Мой гипотетический читатель, вероятно, догадывается, что я произвел необходимый отбор. Делиться своими парижскими впечатлениями – это одно, а рассказывать подавленной горем женщине о последних днях жизни ее мужа – нечто совершенно иное. Впрочем, во всем, что касалось Успенского, я был скрупулезно точен. Бета слушала меня не перебивая и почти не переспрашивая – это был несомненный признак доверия. Как исследователи мы с ней принадлежим к одной школе – школе Успенского, и остались ей верны даже тогда, когда сам Успенский начал ей понемногу изменять. Школа эта под страхом научной смерти запрещает группировать и окрашивать факты применительно к своей заданной версии.
– А теперь скажи, Олег, – говорит Бета. Голос ее звучит почти бесстрастно, но я-то знаю, чего ей стоит этот кажущийся покой. – Неужели после всего, что ты сам рассказал, тебе не ясно, что я права?
Она смотрит на меня в упор. Я молчу.
Положение у меня сложное. Я совсем не убежден, что она права, но не могу скрыть от себя, что некоторые незначащие, на мой прежний взгляд, оттенки поведения именно теперь, когда несчастье произошло, приобретают пугающую многозначительность. В своем рассказе я вполне мог их обойти, но это было бы предательством. На безоговорочное доверие можно отвечать только такой же безоговорочной откровенностью.

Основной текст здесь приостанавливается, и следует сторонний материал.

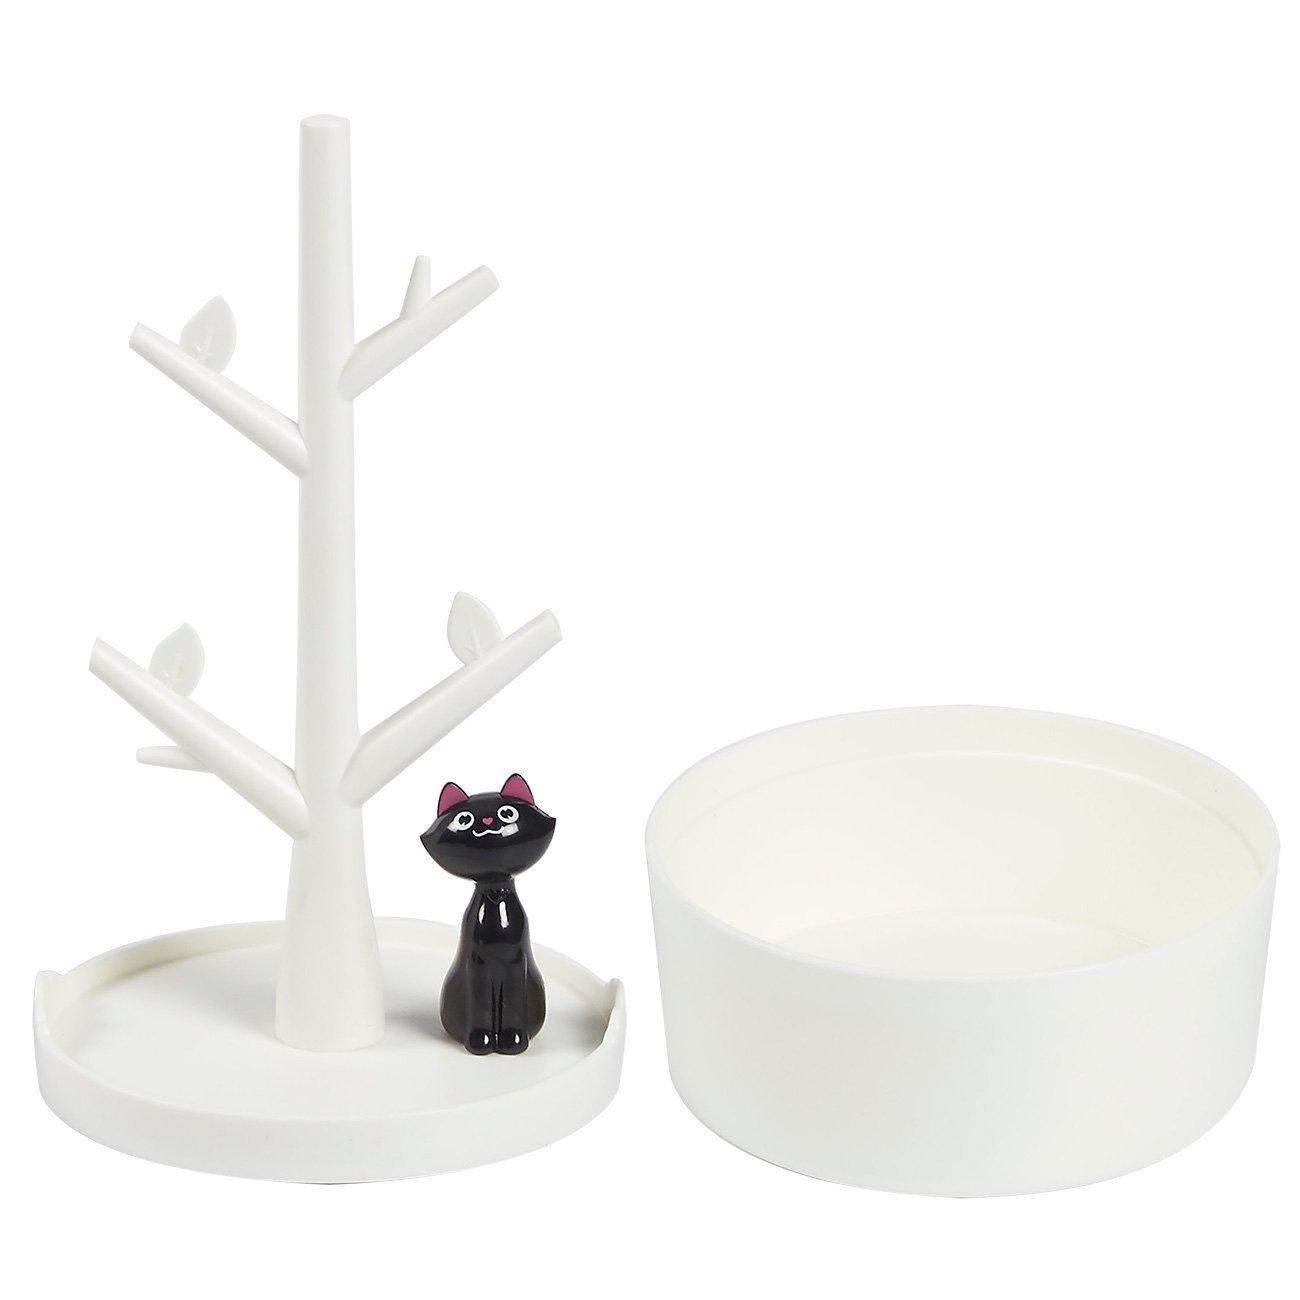 con gattino e albero per collane braccialetti orecchini Fantes elastici per capelli Scatolina portagioielli e organizer
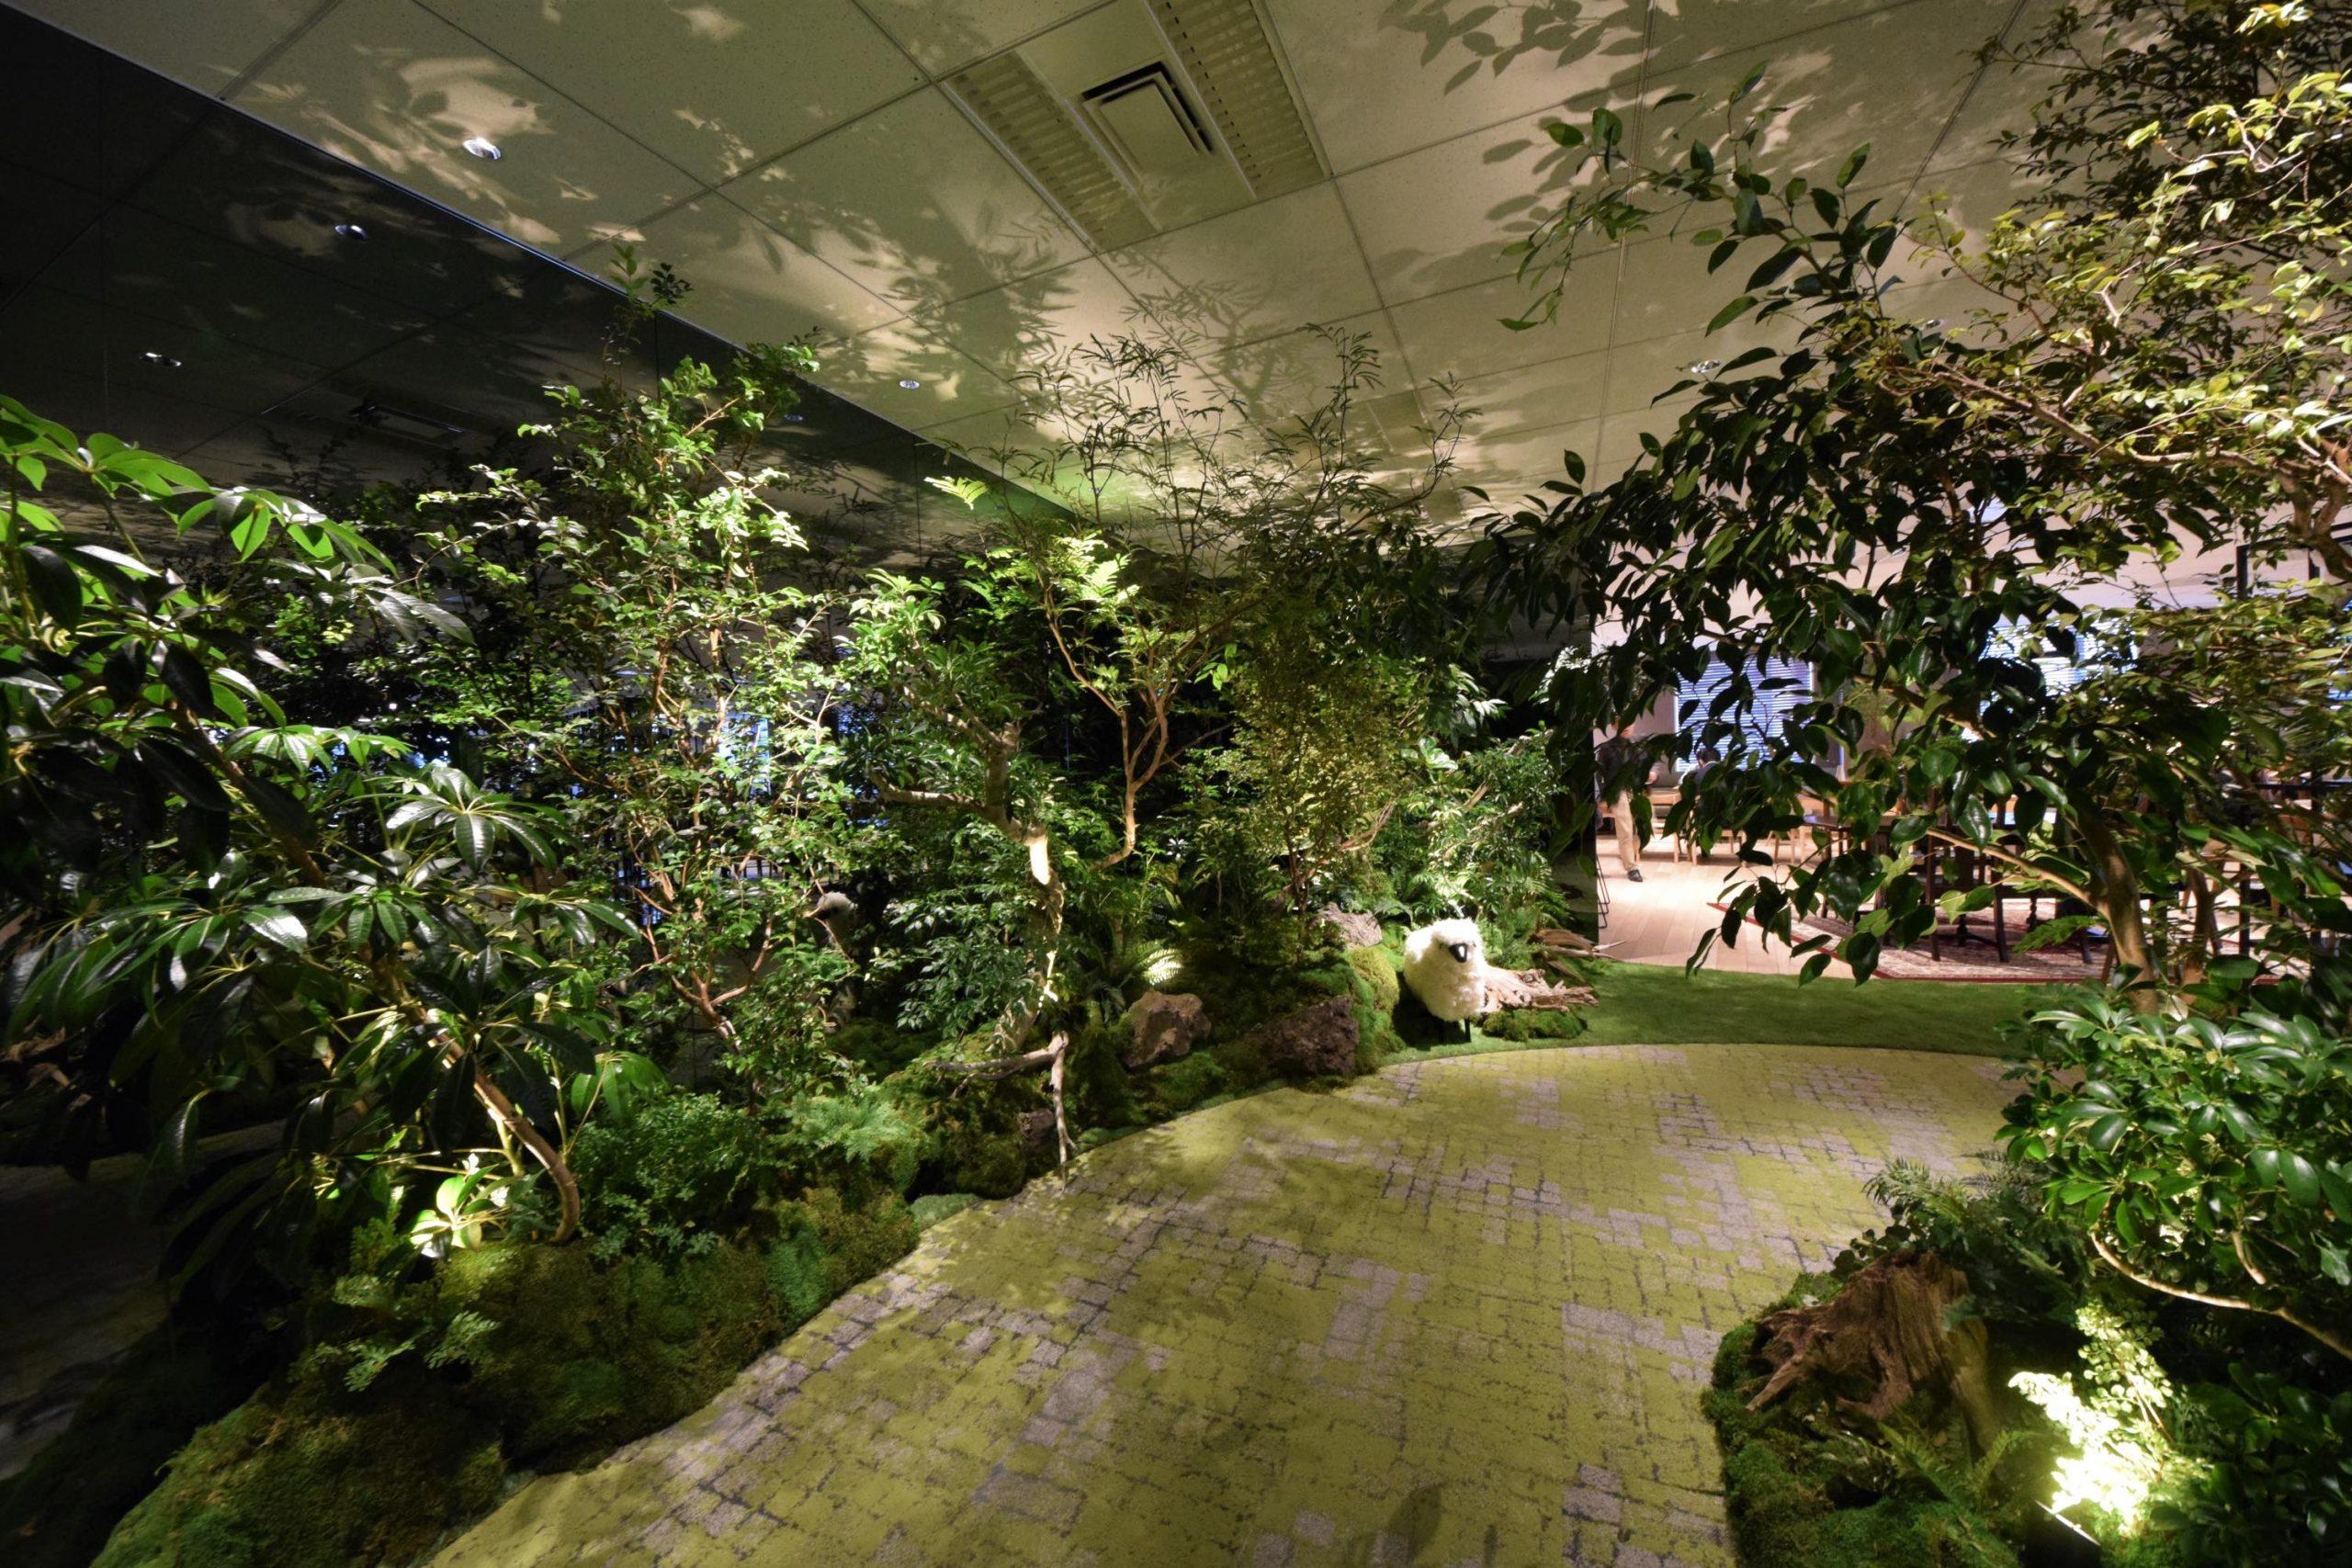 株式会社ヴィス〜自然と共存するバイオフィリックデザインオフィス

И я избираю другой путь.
– Что ты имеешь в виду? – спрашиваю я, когда молчать дольше уже невозможно. – Разговор о Лафаргах?
– Не только. Но и это тоже. Неужели ты не придаешь ему никакого значения?
– Придаю. Но вспомни, как настойчиво Паша предостерегал нас от ошибок в духе древнего силлогизма post hoc ergo propter hoc.
– Что ты хочешь сказать своей дурацкой латынью?
– Представь себе, что за тем разговором ничего не последовало. Решительно ничего. Ты расценила бы его как вполне естественное любопытство. Точно такие же вопросы мог задать и я.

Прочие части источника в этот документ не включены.